My guess is that you have waiting functions in the vi. This will therefore explain the difference since wati functions do "pause" the execution of the VI and do not count towards the time taken in the VI......
hope this helps,
Norbert
04-12-2010 08:44 AM
Norbert,
Thanks for the reply. I've posted a picture of the subvi. It's relatively simple with no explicit wait functions. Any additional input would be helpful.
Ken
04-12-2010 08:55 AM
Ken,
the AVI Read has an implicit delay included caused by the framerate of the video you are reading. If the fps (frames per second) of the video is e.g. 30, you will have to wait between two frames 1/30 s = 33.3 ms. During this waiting time, the Profiler does not show the calling VI as active. The tracked time taken in the caller does only contain the loop and the call to IMAQ AVI Read Frame.vi. Not the time this subvi takes.
If you look into the time taken by IMAQ AVI Read Frame, you won't see the "waiting time" as well, since it is again only a function called by this VI.....
hope this helps,
Norbert
04-12-2010 09:07 AM
Brilliant! Thank you - I would have had a tough time figuring that out. That is for sure what the problem is. That seems like a strange "feature" of the AVI Read Frame.vi though. So if I want to process an AVI video as fast as possible, is the only way to change the framerate of the AVI? What about the frame read "lookahead" parameter - could that do it?
Ken
04-12-2010 09:17 AM
halvorka wrote:[...]That seems like a strange "feature" of the AVI Read Frame.vi though. [...]
No, it's plain simple. If you have e.g. a VI with an event structure in it repsonding to UI interaction, the time it takes until the user fires an event will not show up in profiler. Why should it? The process controlling the VI's execution is sleeping until the user interacts with the UI. That's the reason why event based programming is most often superior to traditional polling.
Regarding the Frame Read Lookahead, there is obviously no documentation installed with LV. Luckily, the online help contains the information:
Reading this it seems to me that it does not change the behavior of playing videos using IMAQ. So the only way to reduce playing time would be a conversion of the video which increases the framerate per second.
hope this helps,
Norbert
04-12-2010 09:41 AM
Norbert,
I wasn't implying that waiting for an event should show up in the timing statistics. Instead, I was saying that it's strange that the AVI Read Frame has a built in and undocumented wait based on the frame rate of the AVI. This makes it difficult to process an AVI at any rate except the native frame rate - In my case I'm taking long movies and I want to analyze them afterwards as fast as computationally possible. As far as I can tell I will have to convert frame rate of the video outside of labview first and then process it in labview to achieve this goal.

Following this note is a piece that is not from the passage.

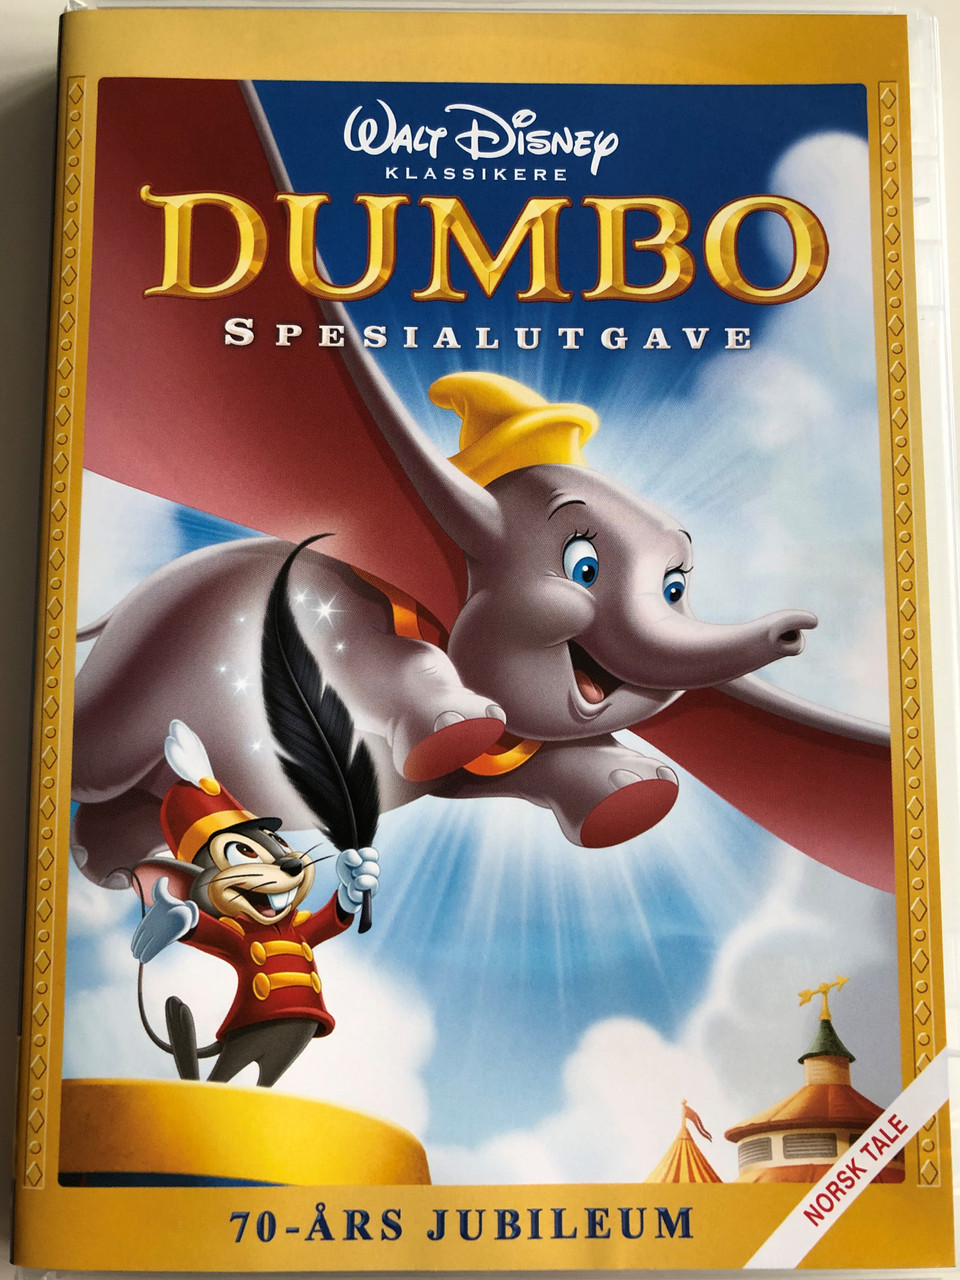 Dumbo Special Edition DVD 1941 Spesialutgave / 70-Ars Jubileum / Norwegian  Edition / Directed by Ben Sharpsteen / Starring: Edward Brophy, Herman  Bing, Margaret Wright, Sterling Holloway - Bible in My Language

You've been very helpful. Thanks.
Ken
04-13-2010 01:22 PM
Update: I think the timing problem was actually due to the profiler not counting hard drive read time. When I changed the frame rate of the avi from 15fps to 60fps, I got exactly the same timing statistics. My avi read performance seems to be limited by my hard drive speed (Running the same program on a faster hard drive increased my speed). Perhaps the AVI Read Frame.vi is considered to be finished executing when the hard drive starts transfering the data, as opposed to when it is finished?